**Supplied material**
/---

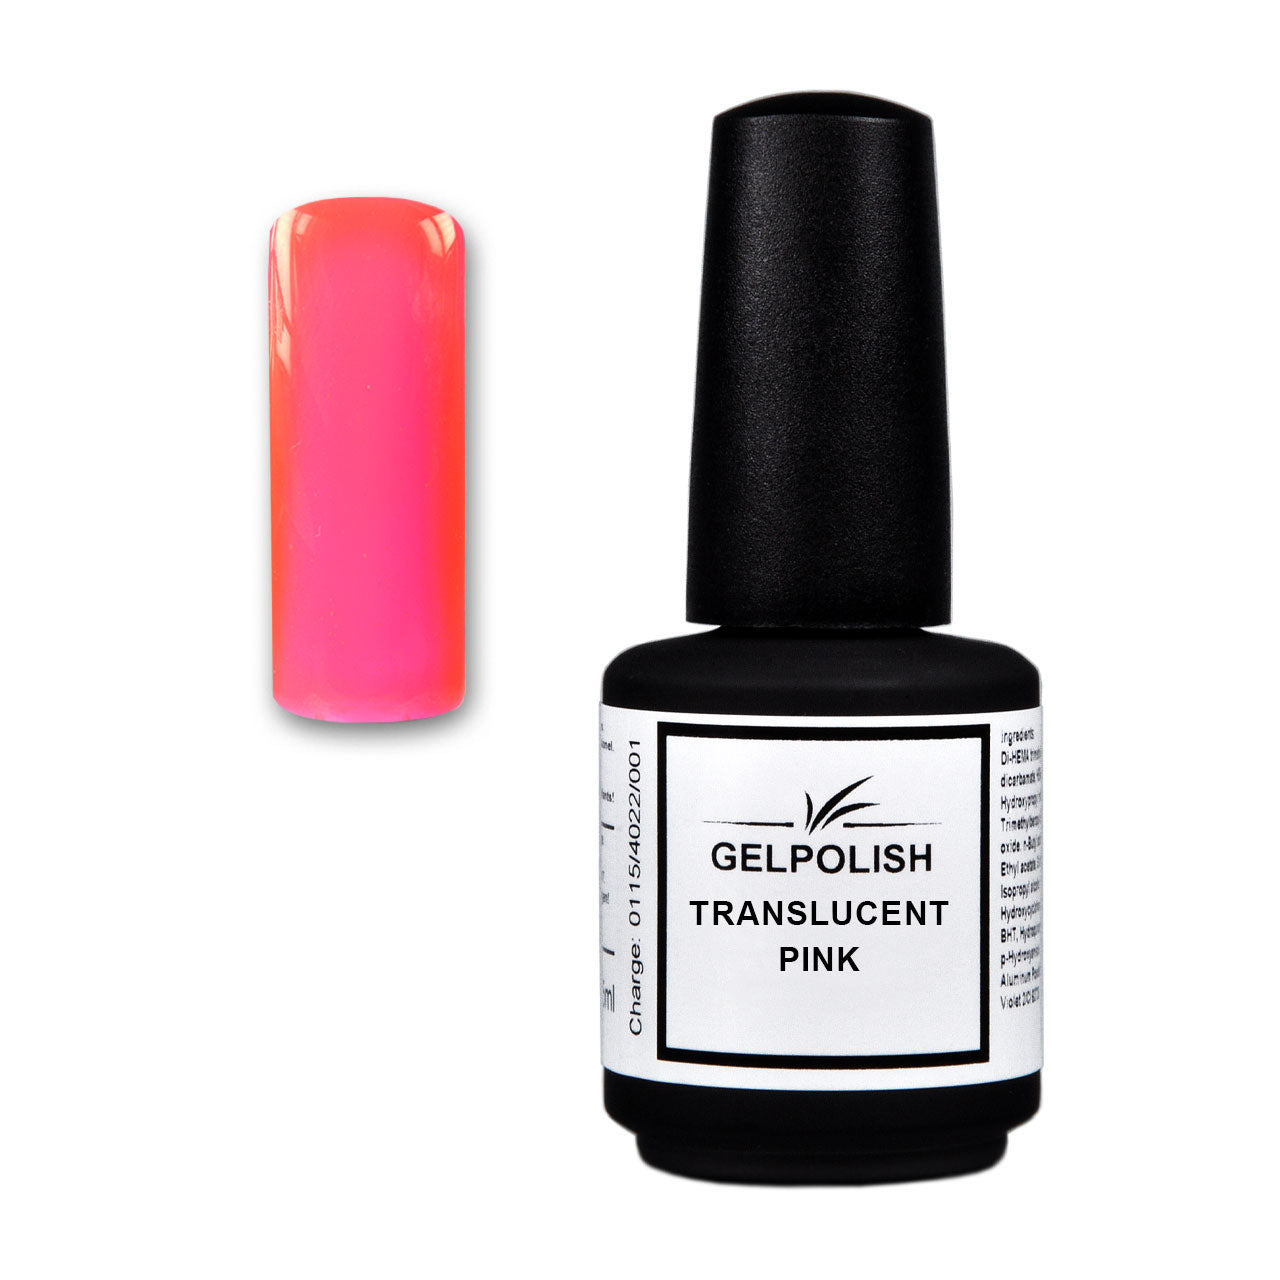 Gelpolish VSP Translucent Pink
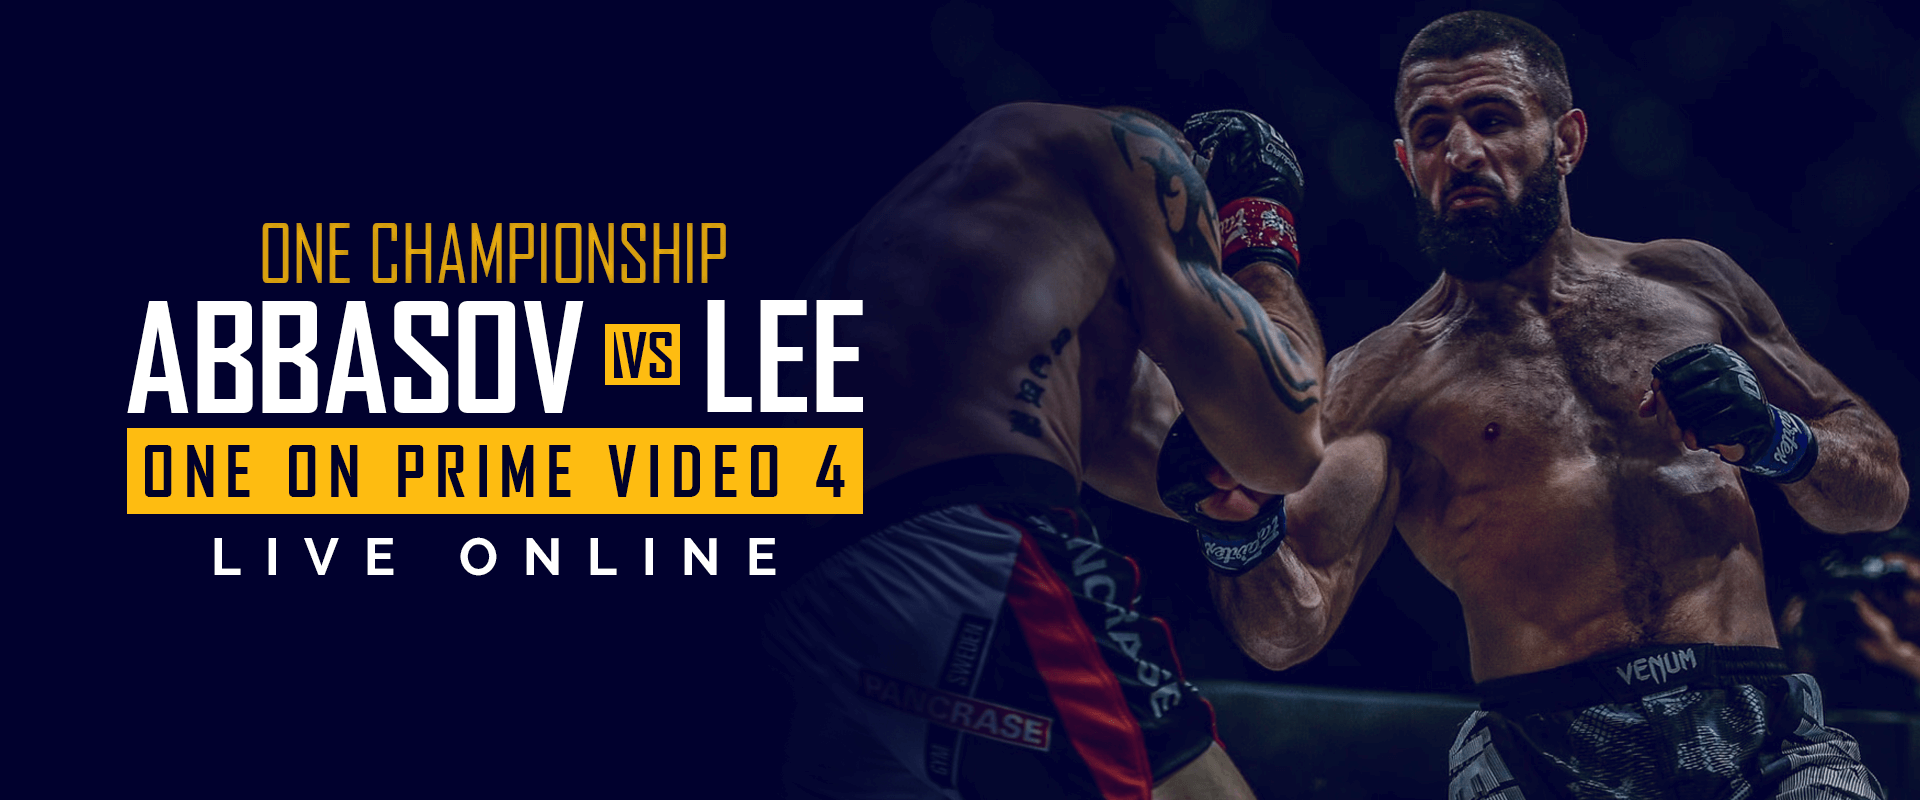 Oglądaj One Championship na żywo online – ONE ON W PRIME VIDEO 4 – ABBASOV kontra LEE
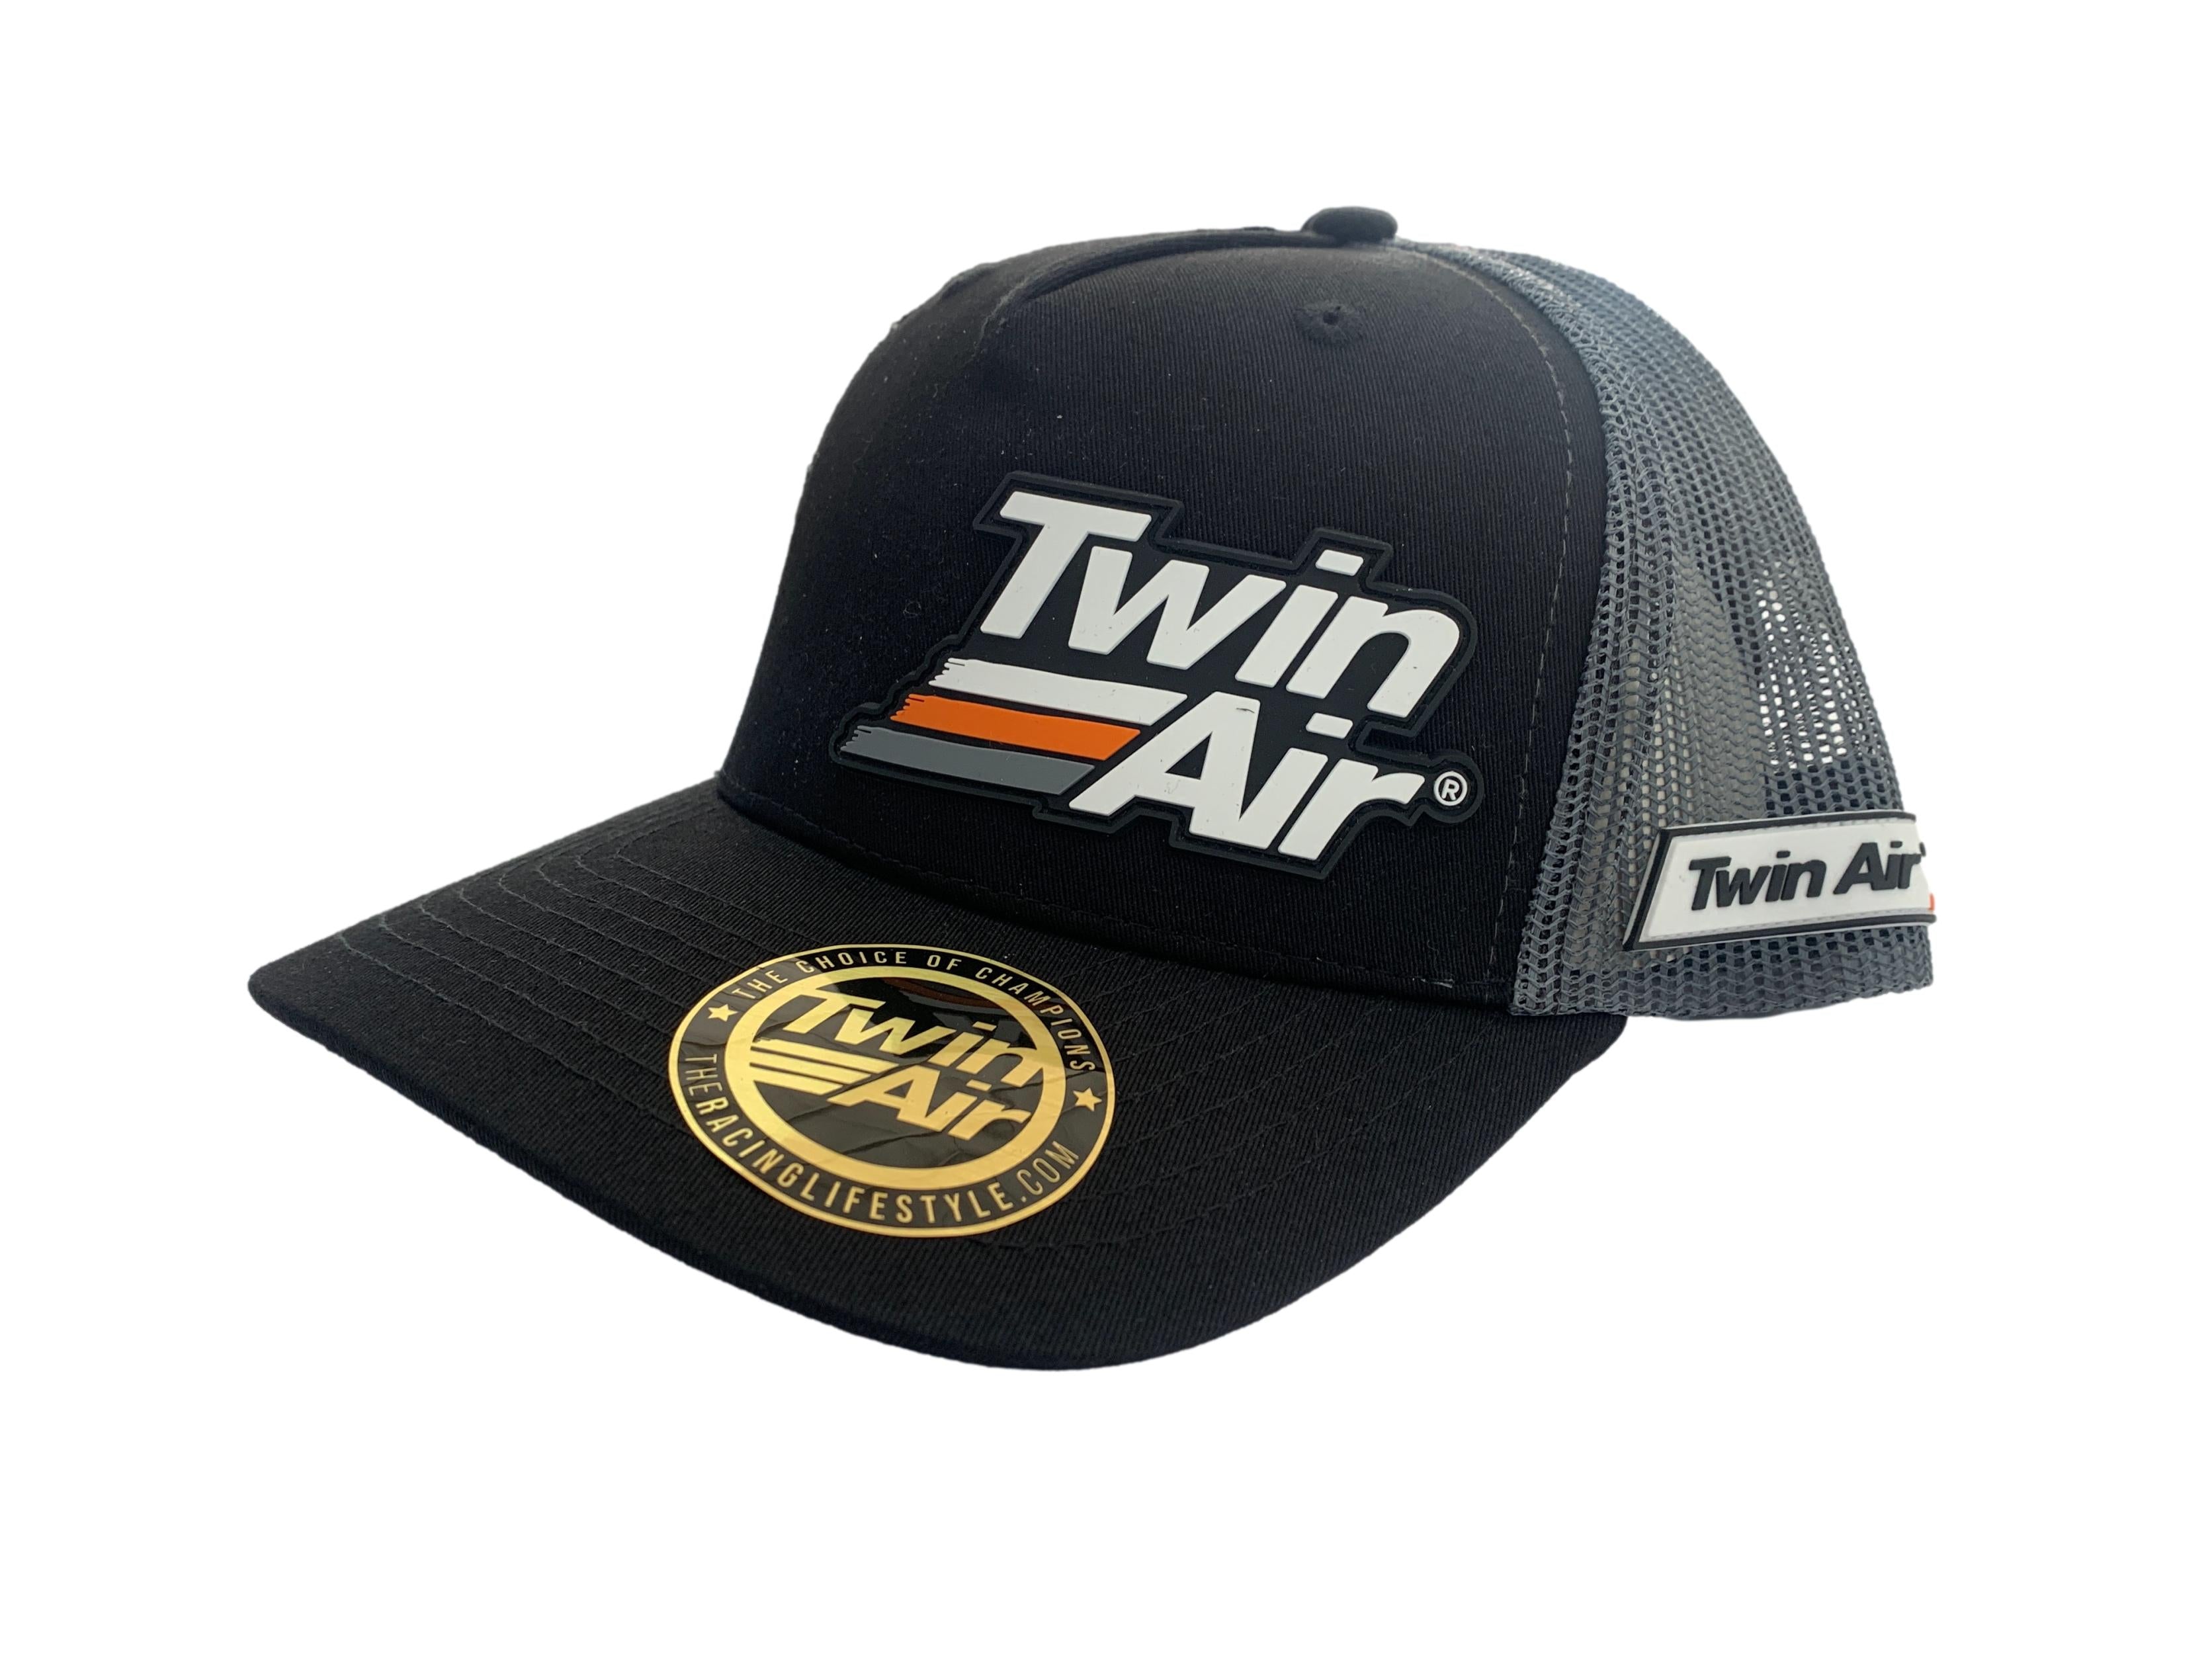 MC Auto: Twin Air Grey/Black Trucker Cap

\---

**To do**
Once the pictures are removed, copy the material above exactly.

**Response to this task**
 Gelpolish VSP Translucent Pink
 Oglądaj One Championship na żywo online – ONE ON W PRIME VIDEO 4 – ABBASOV kontra LEE
 MC Auto: Twin Air Grey/Black Trucker Cap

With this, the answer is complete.